Central Coast Kids in Need, need help themselves

Central Coast Kids in Need’s Rhonda Doyle and Lorraine Churchill (centre) with other volunteers and Wyong Roos Foundation members

For 27 years Central Coast Kids in Need (CCKIN) have been a fountain of support and compassion for Central Coast families with seriously ill children but now they need help themselves.

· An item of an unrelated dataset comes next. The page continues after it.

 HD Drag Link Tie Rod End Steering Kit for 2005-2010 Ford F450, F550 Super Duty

The Bateau Bay based charity financially supports families with travel, accommodation and medical expenses, but has fallen on hard times in the wake of the pandemic.

According to CCKIN Treasurer, Rhonda Doyle, the charity is at risk of running out of funds to continue their vital work because it can’t hold any of its traditional fundraisers under current COVID restrictions.

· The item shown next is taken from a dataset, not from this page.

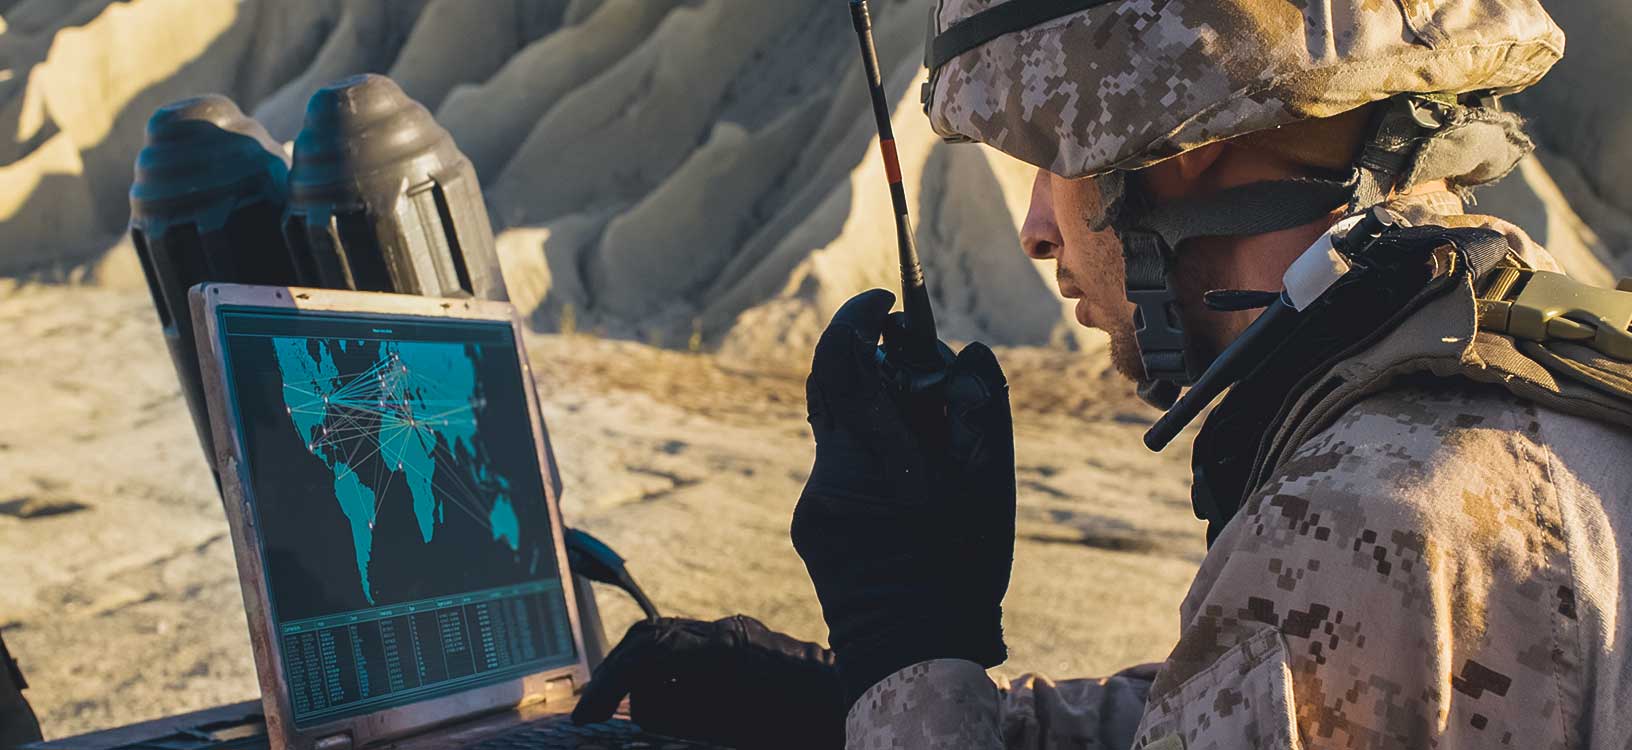 Soldier is Using Laptop Computer and Radio for Communication During Military Operation in the Desert

It’s left a $100,000 hole in their budget and with no vaccine for the coronavirus in sight, Doyle says it’s only a matter of time before the charity burns through its reserves.

“We’ve crunched the numbers and it looks like we’ll only have enough money to continue on as normal for the next nine months.

“Last year, we provided over $467,000 in support to 345 families, and in the first 20 days of the new financial year, we’ve already outlaid $16,000 and have 117 families on our books, so this situation is one that we’d never thought we’d be in,” Doyle said.

Adding to the charity’s woes is their lack of government support and increasing costs to deliver certain services in a COVID environment.

As a voluntary run organisation filling in a service gap between Sydney and Newcastle, CCKIN relies heavily on the generosity of locals to help fill its coffers, but Doyle said that support had also been impacted as regular donors feel the financial sting of COVID-19.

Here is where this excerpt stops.